As infection could facilitate coagulatory processes,5 we examined platelet aggregation in the brain. We found an increased number of platelet aggregates in the area of the infarct in infected mice after experimental stroke, and this was also confirmed in the ipsilateral hemisphere of both aged lean and corpulent rats in response to infection (Fig 7). Platelet accumulation was observed mostly in small cerebral arteries, resulting in partial or complete coverage of the vascular lumen, and was not affected by IL-1Ra. Flow cytometric analysis confirmed increased platelet activation in infected mice prior to MCAo as identified by higher levels of P-selectin (CD62P) on CD42d/CD61-positive circulating platelets. Blockade of platelet GPIbα (using a specific Fab fragment, which does not induce depletion of platelets18) significantly reduced infarct size and BBB injury, and improved neurological outcome in infected mice, but did not alter platelet accumulation in the brain, suggesting an inflammatory role for platelets. GPIbα blockade did not facilitate intracranial bleedings in infected mice. Only 2 mice receiving control IgG and 1 mouse receiving anti-GPIbα Fab showed minor hemorrhagic transformation (<0.1% of the volume of the infarct). GPIbα blockade did not mediate protection against the small, primarily striatal injury in uninfected mice.
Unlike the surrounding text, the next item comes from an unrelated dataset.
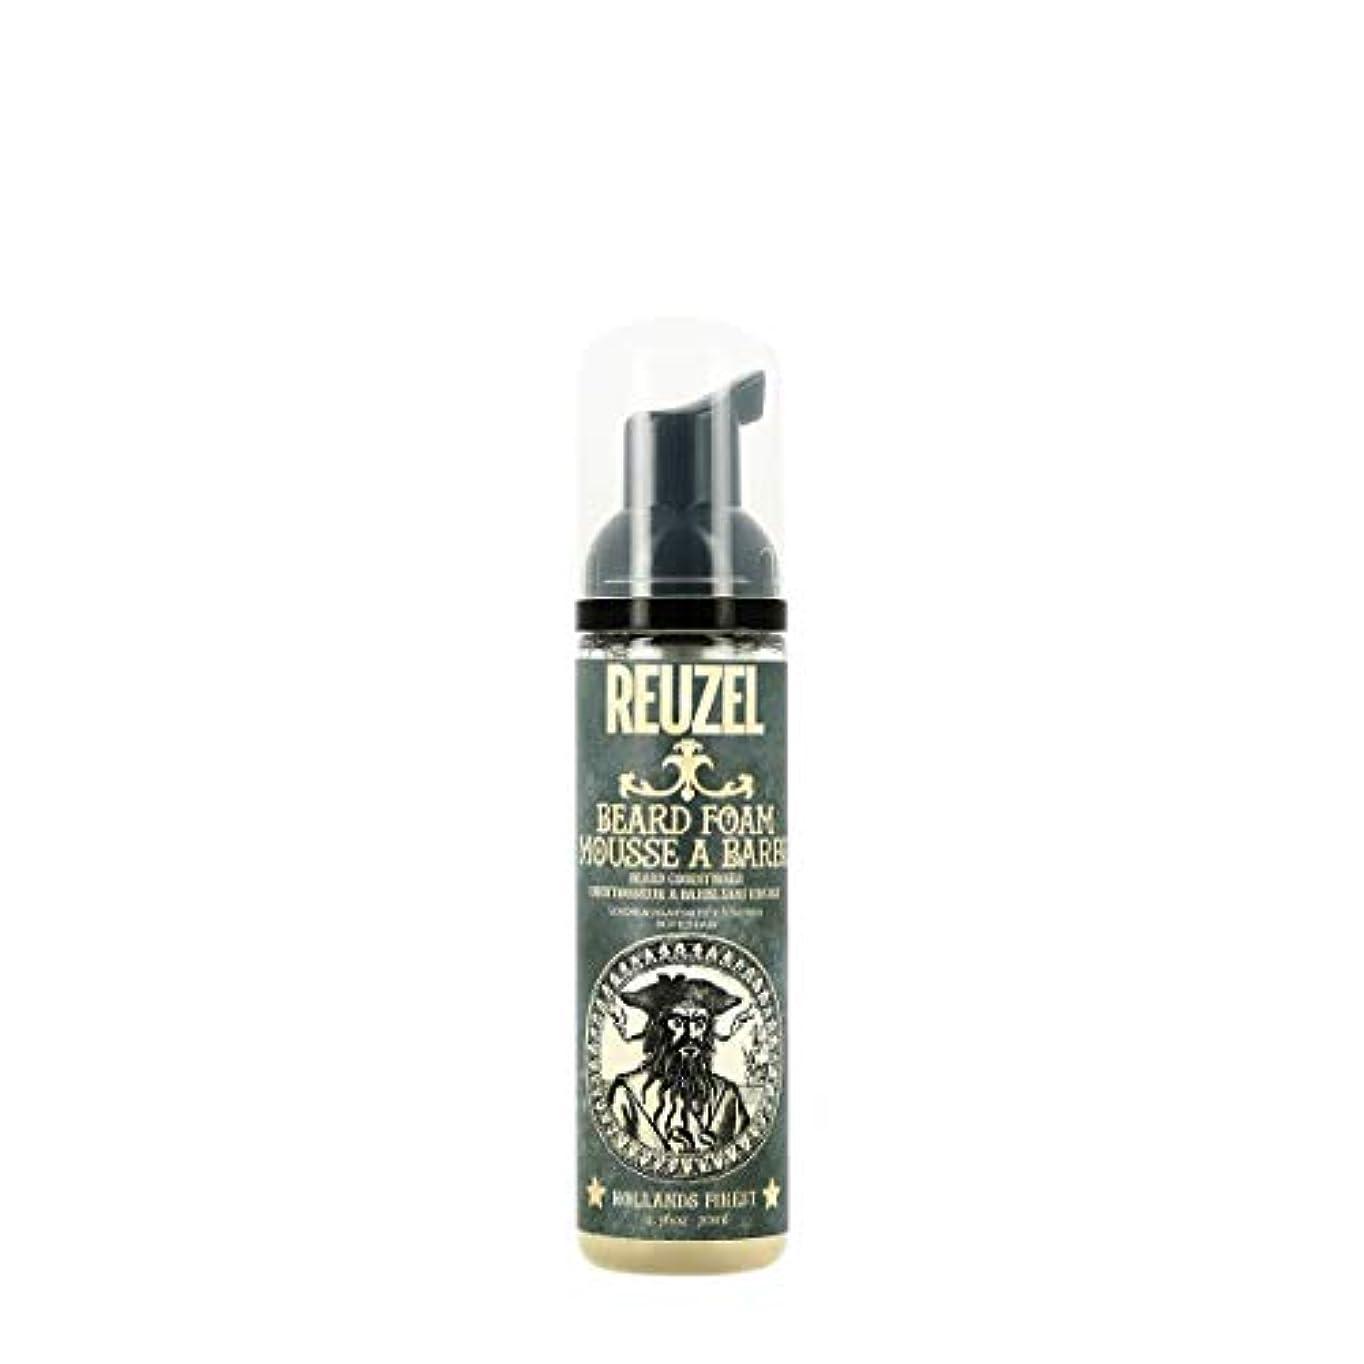 内向き虫を数える溶けたルーゾー Reuzel Beard Foam - Beard Conditioner 70 ml [並行輸入品]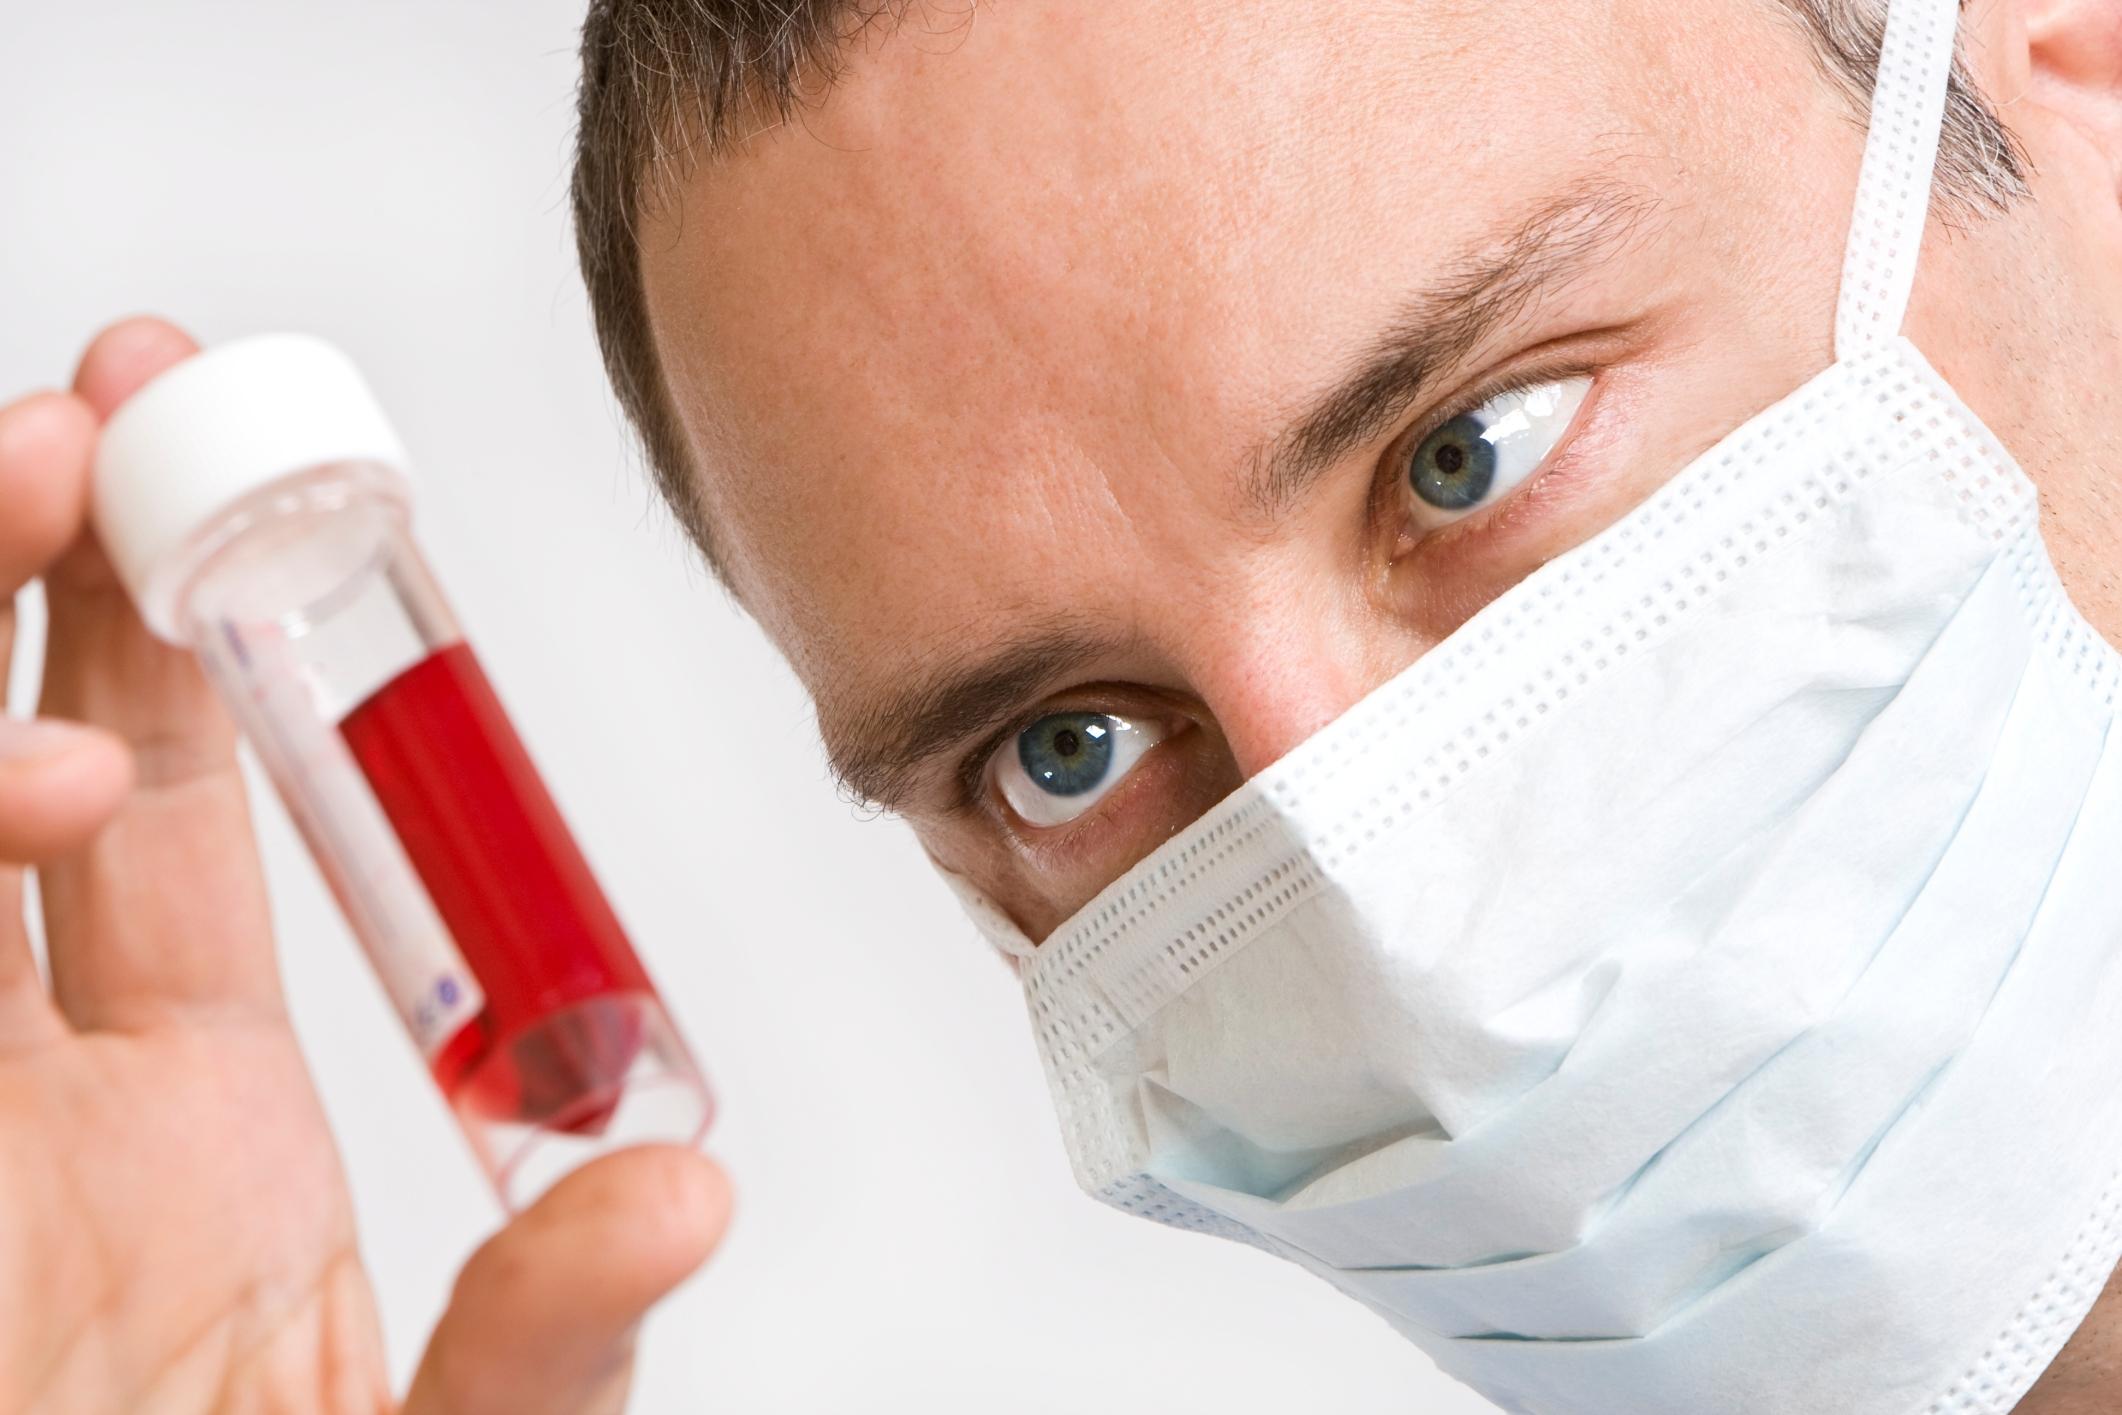 Neu анализ крови: характеристика и расшифровка анализа

Blockade of platelet GPIbα reduced infection-induced granulocyte recruitment in the brain by 50% (see Fig 7). As both IL-1Ra and blockade of GPIbα reversed brain injury in infected mice, we further investigated whether systemic inflammatory changes alter microglial activation, which are the primary inflammatory cells in the brain. Microglial (lectin⁺/Iba1⁺) IL-1α was highly expressed in the ipsilateral hemisphere in infected mice after cerebral ischemia, which was significantly reduced after platelet GPIbα blockade. This reduction was most apparent in the ipsilateral cerebral cortex (see Fig 6H). Analysis of brain sections in infected mice also showed a comparable reduction in cortical IL-1α–positive microglia in response to IL-1Ra administration (see Fig 7J), indicating that IL-1– and platelet-dependent mechanisms contribute to microglial inflammatory changes and brain injury in response to infection after cerebral ischemia. We have also assessed whether infection could contribute to increased BBB injury, microglial IL-1α expression, or granulocyte recruitment independently of increased infarct size. Mice displaying the smallest infarcts from the infection group across different studies had comparable infarct size to those showing the largest infarct volumes in the control group (21.2 ± 6mm² vs 22.8 ± 6.8mm², respectively, n = 5). Granulocyte numbers were not (5 ± 1 cells/mm² vs 5 ± 2 cells/mm²), but BBB injury volume (22.9 ± 3.8mm² vs 13.8 ± 4.8mm², p < 0.01) and number of IL-1α–positive microglia (18 ± 7 cells/mm² vs 5 ± 4 cells/mm², p < 0.01) were significantly higher in infected animals with even small infarcts compared to control mice after cerebral ischemia.